Theological Note: God's forgiveness comes first, our repentance follows. God offers, we respond; God proposes, man disposes. Why? Because if a person truly repents deep within his or her heart it is because he or she has hope that change is possible. This hope comes from God; from God's pre-existing gift (or grace) of forgiveness. (Read again, now, the Parable of the Prodigal Son in Luke 15:11-32).
- God's pre-existent forgiveness makes possible human repentance. We can love God only because He loved us first!
- The act of "going to confession", specifically to seek the priest's ministering of sacramental absolution, gives us the concrete and experienced assurance of God's saving action in our time, in our condition, and "where we're at". Jesus Christ acts through His Body, the Church, not to change His Father's mind, but rather to change our minds by revealing to us His saving love.
- When we're in sin we're in a state of confusion, of self doubt, and lack the fullness of freedom because of our insecurity about our selves, particularly in terms of our relationship with God. We live in a deadly (mortal) state of sin; spiritual death has its grip on us and we need resurrection. (Read now in John's Gospel, the first activity of Jesus Christ when He rose from the dead, John 20:19-23, the scriptural grounding for this Sacrament).

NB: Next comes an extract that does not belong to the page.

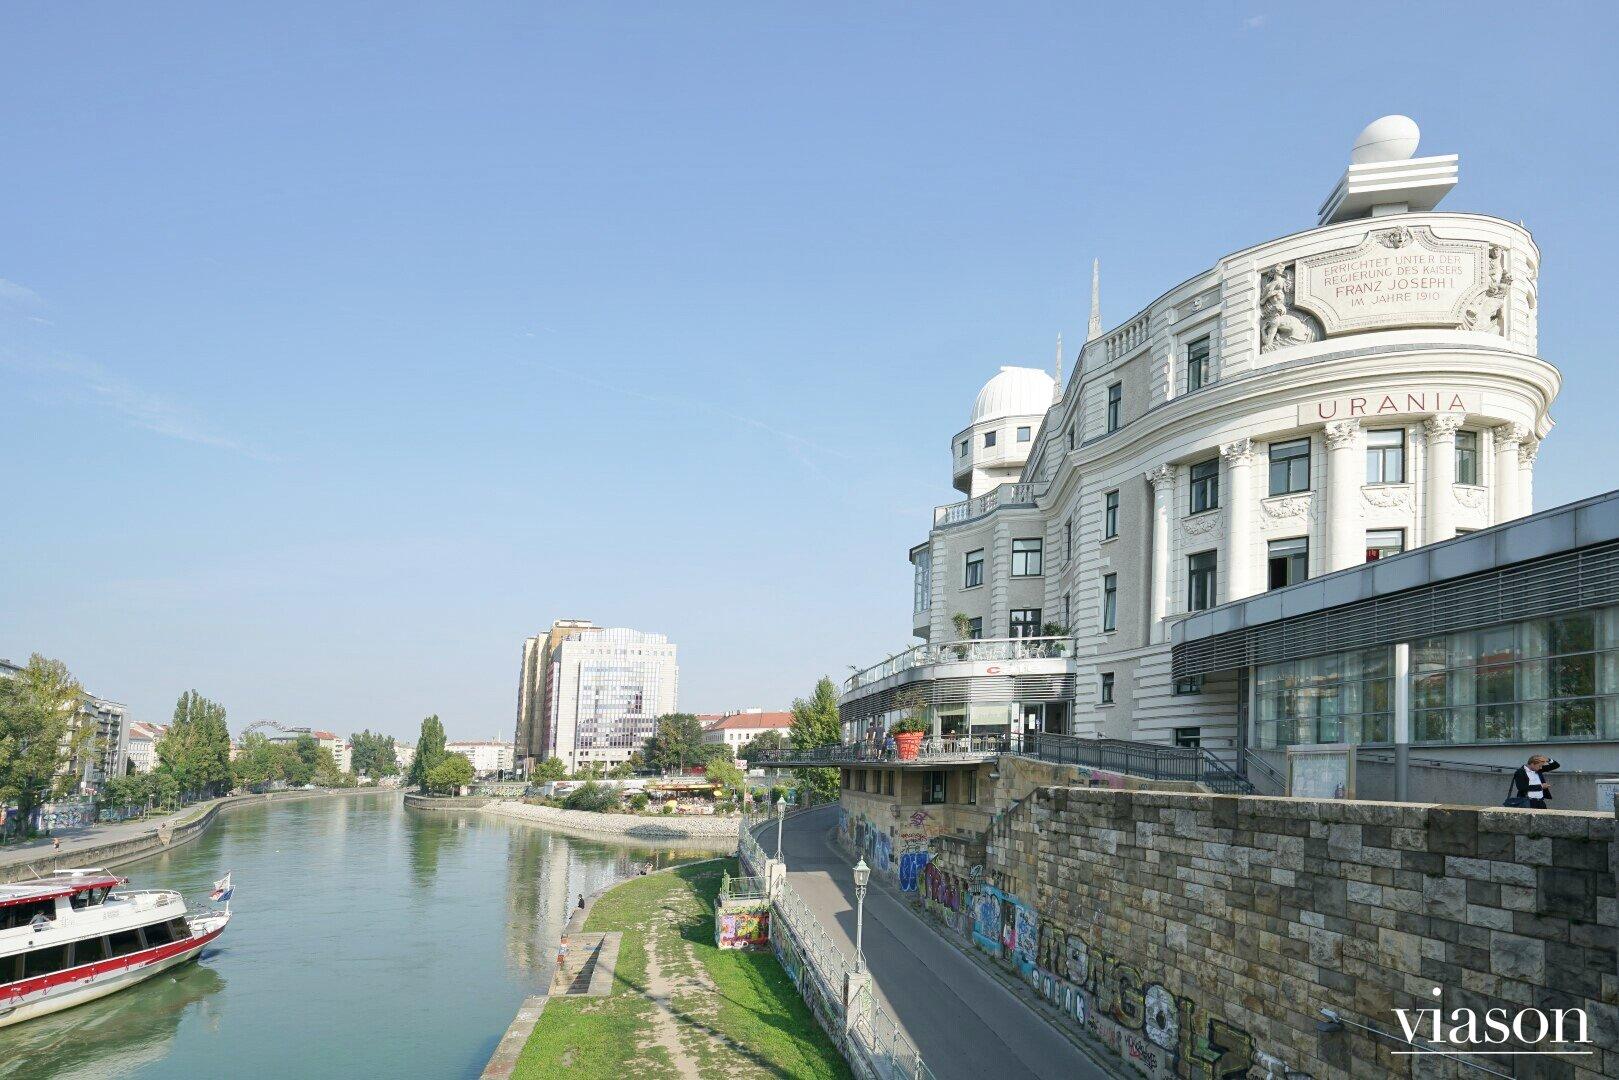 Urania am Donaukanal
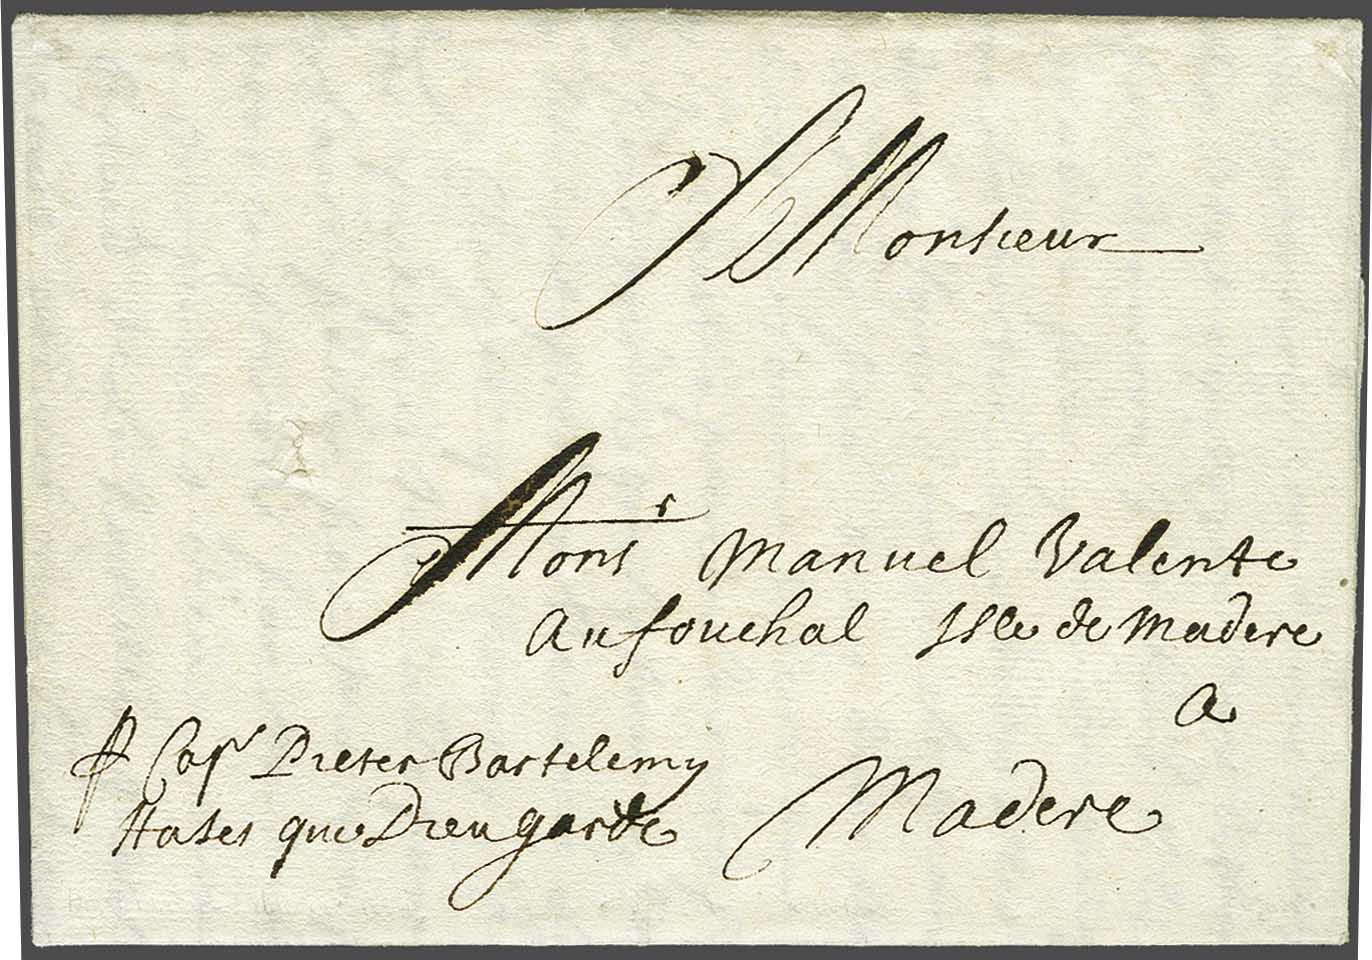 Lot 19 - Netherlands and former colonies Netherlands -  Corinphila Veilingen Auction 240: Single lots Netherlands and former colonies

- BASIC SCRIPTURAL SOURCES:
Matthew 16:13-19; 18:18-20; Mark 2:1-17; Luke 7:36-50; John 11:1-46; John 20:19-23.
- BASIC ACTION:
The penitent presents himself to the priest or bishop of the Church to receive the action of God's forgiveness through the saving work of Christ the Priest ministering through His Body. The penitent acknowledges his sins specifically and admits his need for reconciliation and penance. Reconciliation with the Body of Christ IS reconciliation with Christ acting through His Apostles (those in Holy Orders) upon whom His Spirit rests. Such a sign effects what it signifies - the symbol becomes the reality (which is true for all of the Sacraments!). But forgiveness is effective only to the degree that the prodigal, the penitent, acknowledges a need to return to the Father's house, change his way of living (conversion) and thereupon live in that set of relationships present in the household of the Father.
Theological Note: Read again the Raising of Lazarus (John 11:1-46) and note that forgiveness, deliverance, healing, freedom and new life are all inter-connected realities. The "Baptism for the remission of sins" is immersion into the death-resurrection event of Jesus Christ so we can be unbound and go free. All Sacraments emerge out of the events and works of Christ in Holy Thursday, Good Friday, Easter Sunday, and Pentecost, the sum being called "The Paschal Mystery". For that is Christ's "hour", the "baptism" He longed for, and the transmission of His power into His Body, the Church. Another definition of the Church is that she is the continuation of the Christ event down through human time and history.
When all is said and done, there is only one Sacrament, Jesus Christ, expressed and mediated to us in seven highly significant ways through His Body, the Church.